The orphanage needs 1.6 million lei ($60,000) a year to keep it running, but the Moldovan government provides only a fraction of this sum. Almost all of the money goes on the salaries of the orphanage's 120 employees.

Bailey said in a charity statement: "Unless funds are raised elsewhere in Europe, many of these children will be dead by Christmas."

The British charity says an estimated 40,000 Moldovan children -- what it calls "a shocking 10 percent of the child population" -- have been abandoned to state-run institutions by their parents because of poverty and lack of family support from the Moldovan government.

The worst of the state orphanages have no hot water, electricity or medicines. The children are fed only porridge or rice and in some cases live two to three in a single cot.

The funds raised by the British charity will provide food, bedding and heating for the Hincesti orphanage.
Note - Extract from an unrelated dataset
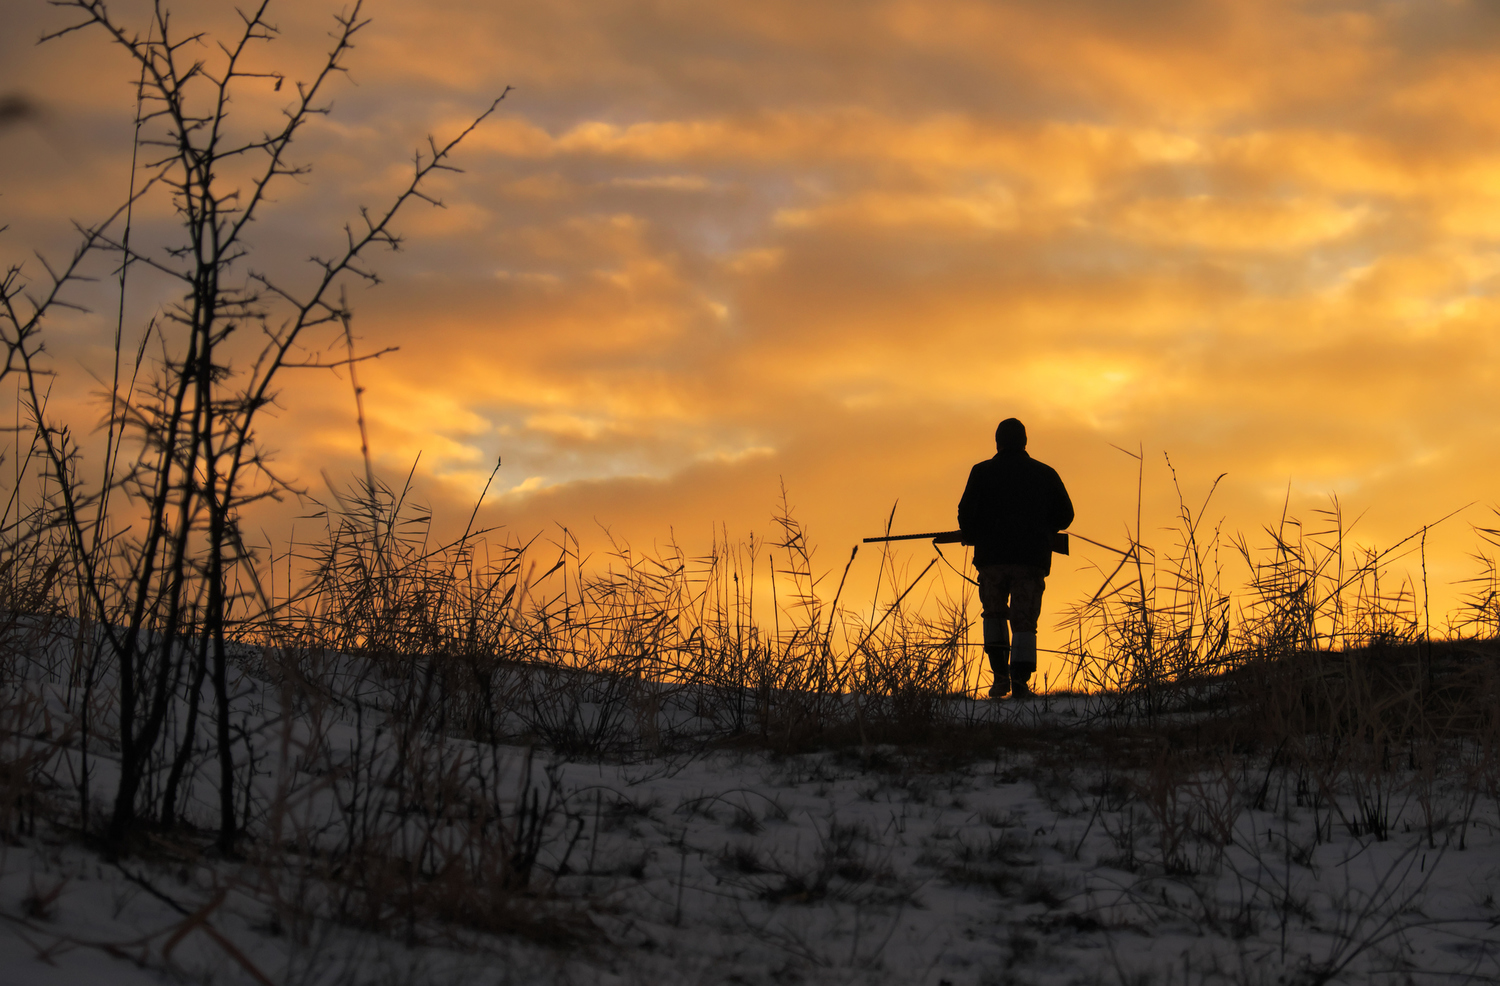 4 causes of hunter-related shooting incidents

It hopes to offer the same help to children suffering similar conditions in other Moldovan orphanages.

The European Children's Trust was launched last year and has close links with another British charity, the Romanian Orphanage Trust, which works to improve conditions for abandoned Romanian children.

The Trust is working with Moldovan authorities to put in place the beginnings of a social work system that will keep families together.

Its campaign follows an appeal from Moldovan politicians for urgent help to address the problems of institutionalized children.

The Trust says that state solutions to family problems were the common inheritance of all the former communist countries, and that today orphanage populations across the region "continue to rise as thousands of poor people pay the cost for economic adjustment."